*What the task asks:* The reply should hold every line of the data below, unchanged, and none of the pictures.

*Data provided:*
□ □ □

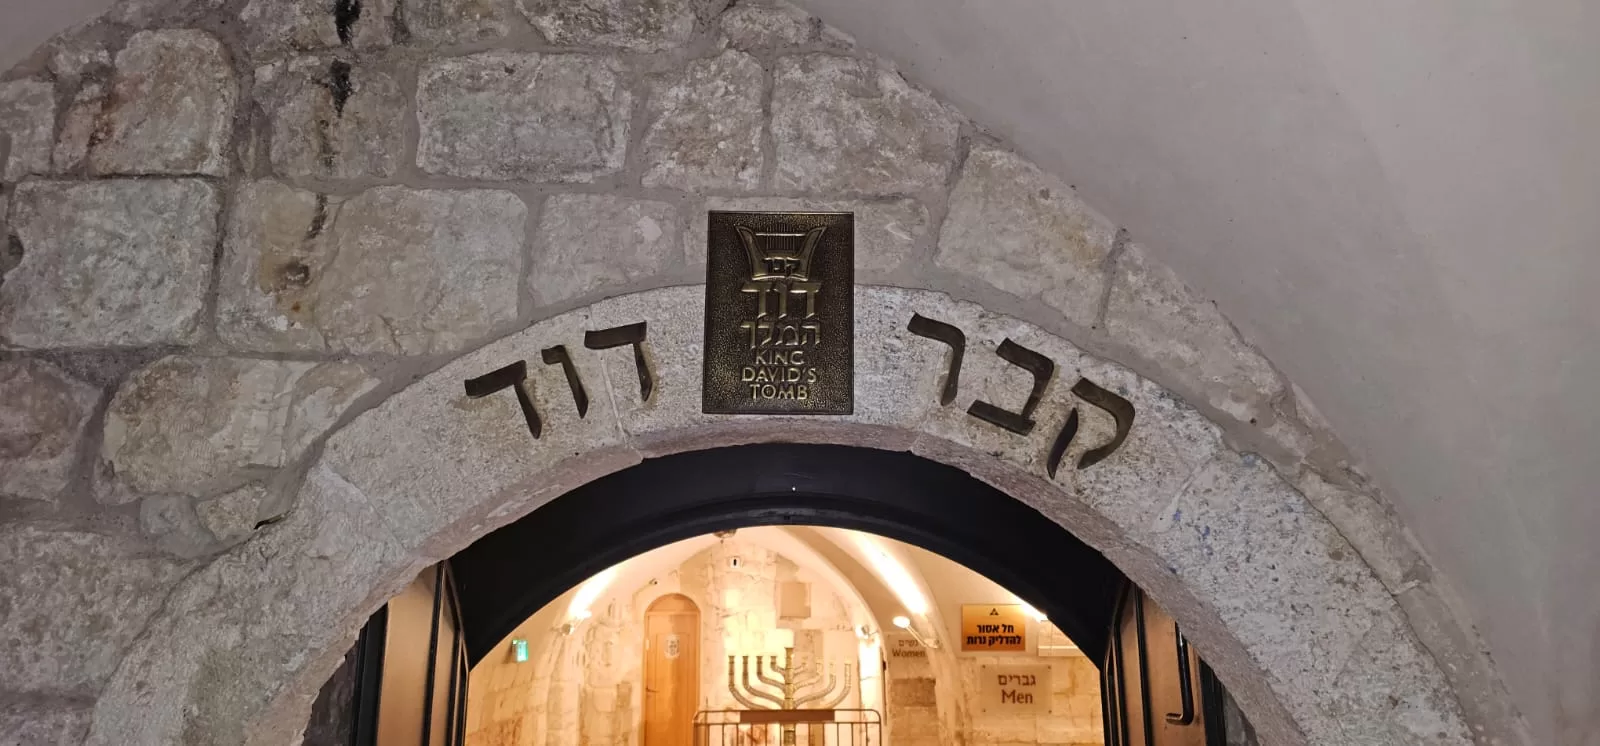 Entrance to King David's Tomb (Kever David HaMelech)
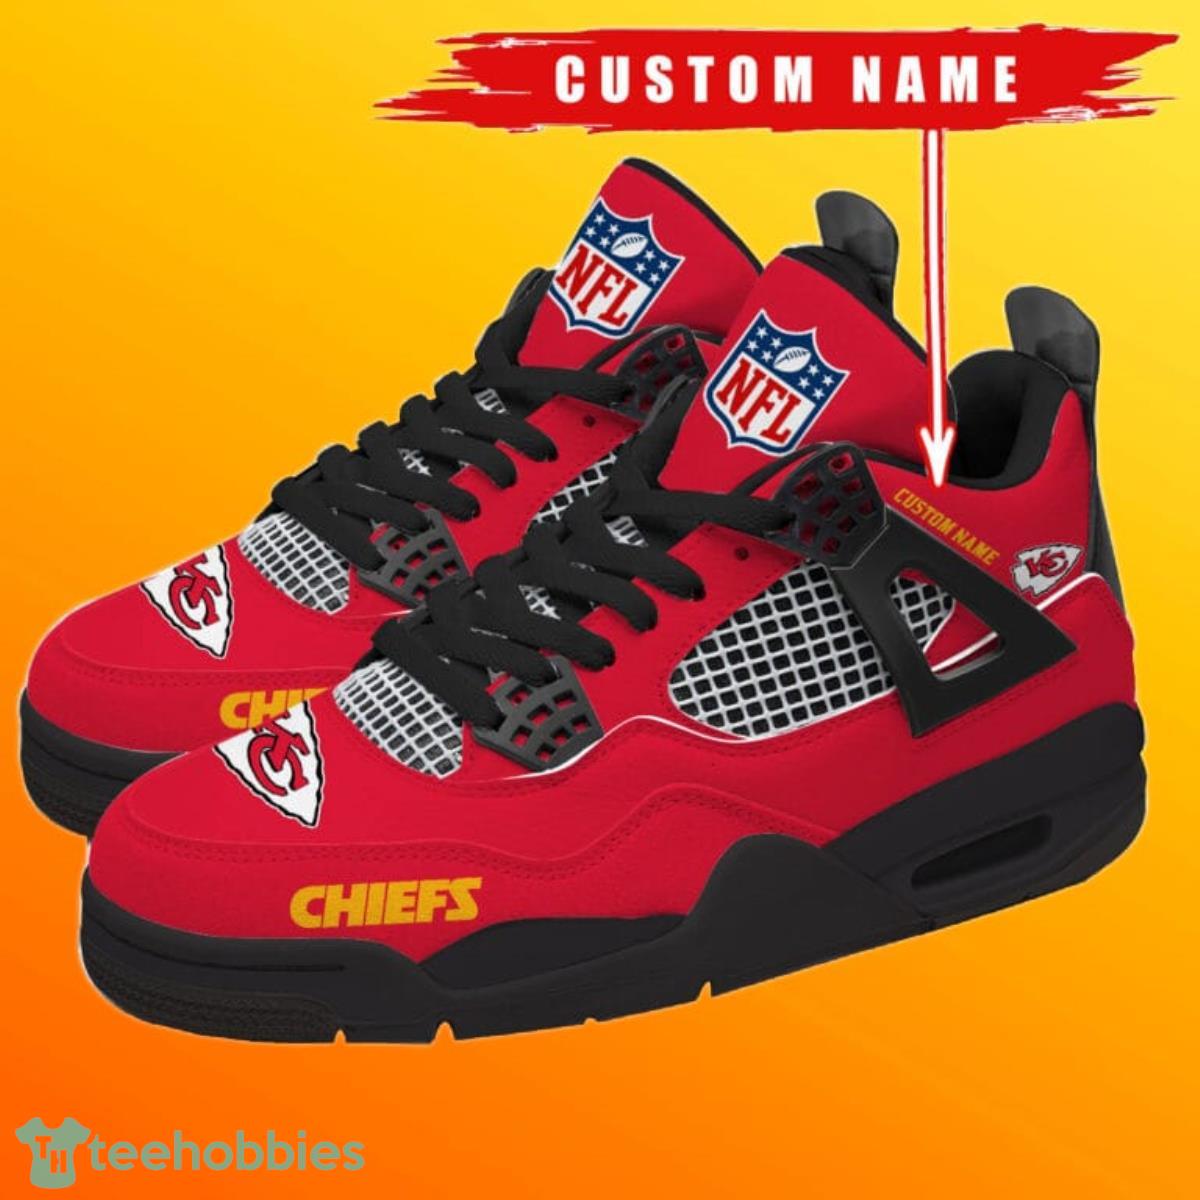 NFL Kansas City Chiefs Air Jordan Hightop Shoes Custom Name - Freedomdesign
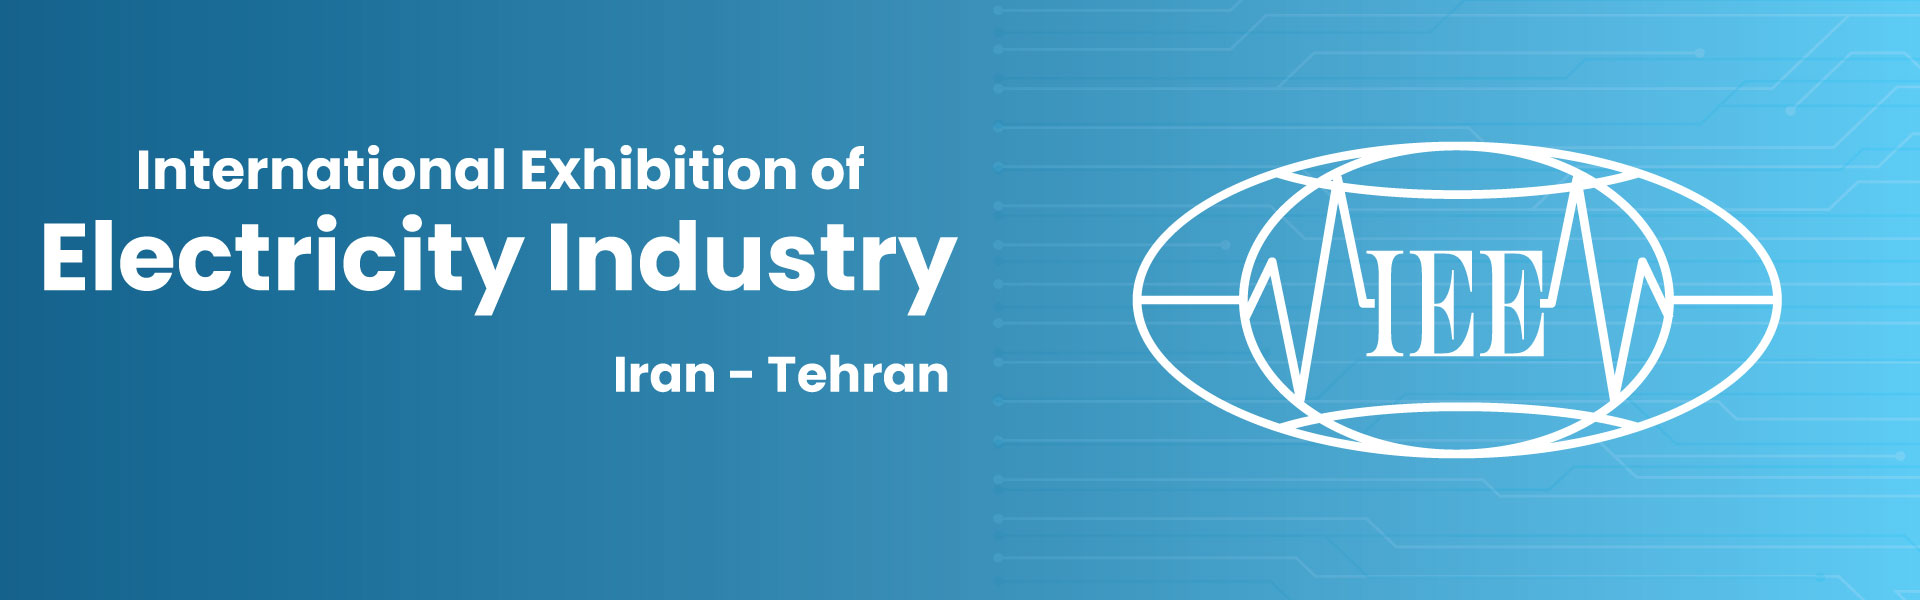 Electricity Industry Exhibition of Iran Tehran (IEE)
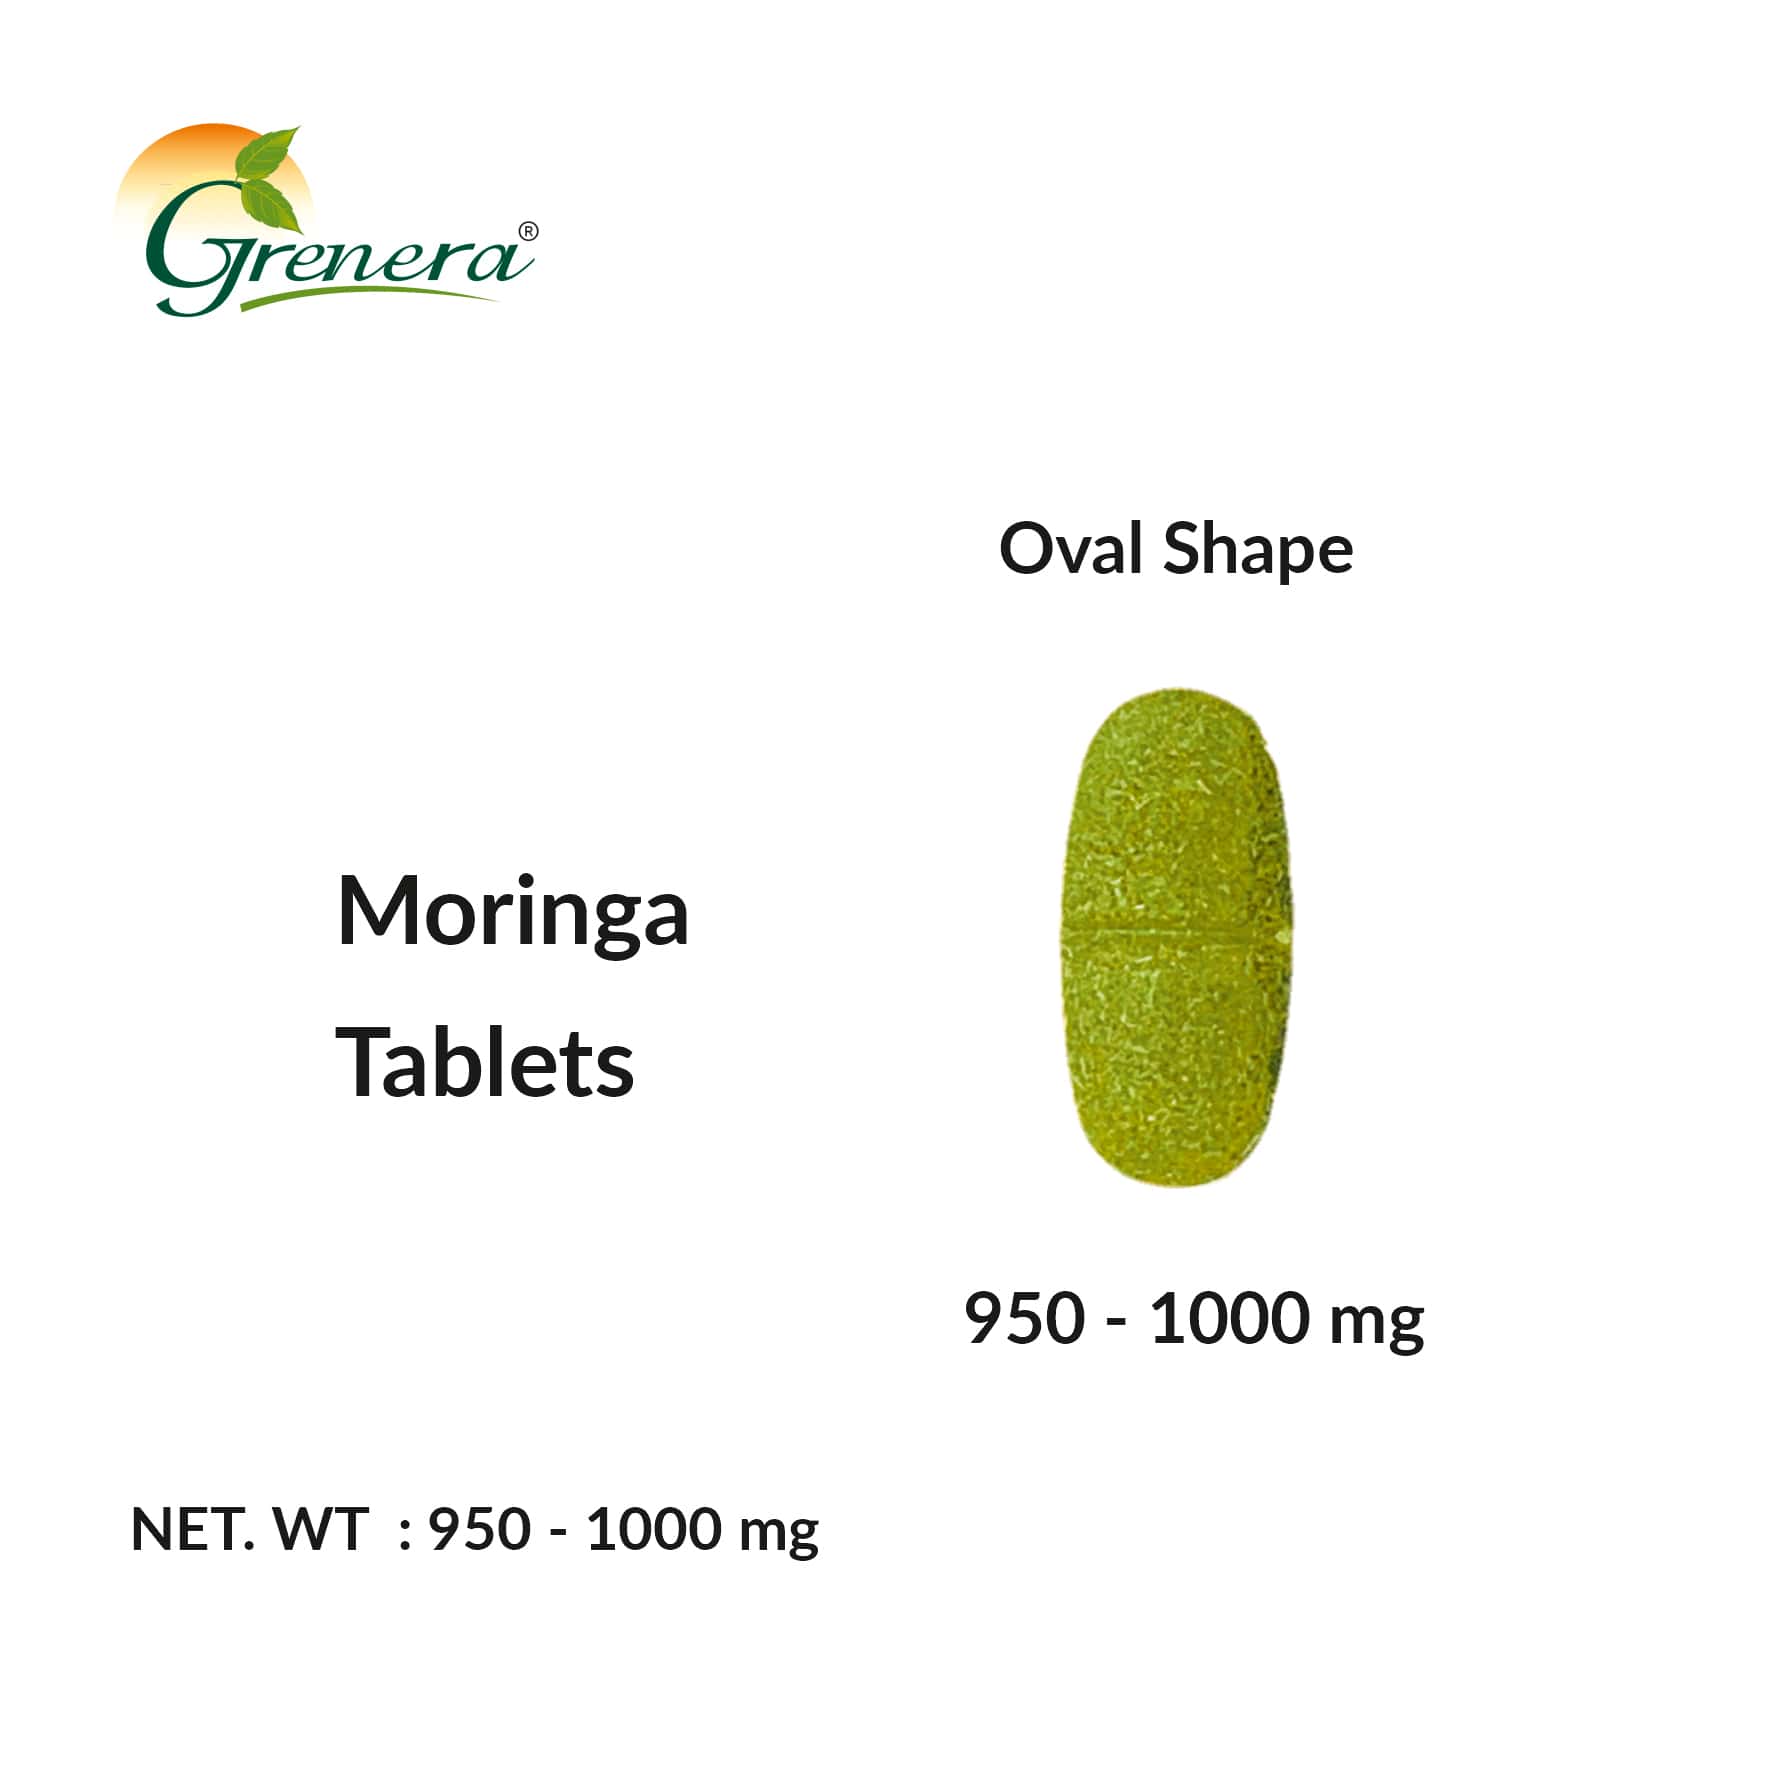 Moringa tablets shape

□ □ □

*Response below:*
 Entrance to King David's Tomb (Kever David HaMelech)
 NFL Kansas City Chiefs Air Jordan Hightop Shoes Custom Name - Freedomdesign
 Electricity Industry Exhibition of Iran Tehran (IEE)
 Moringa tablets shape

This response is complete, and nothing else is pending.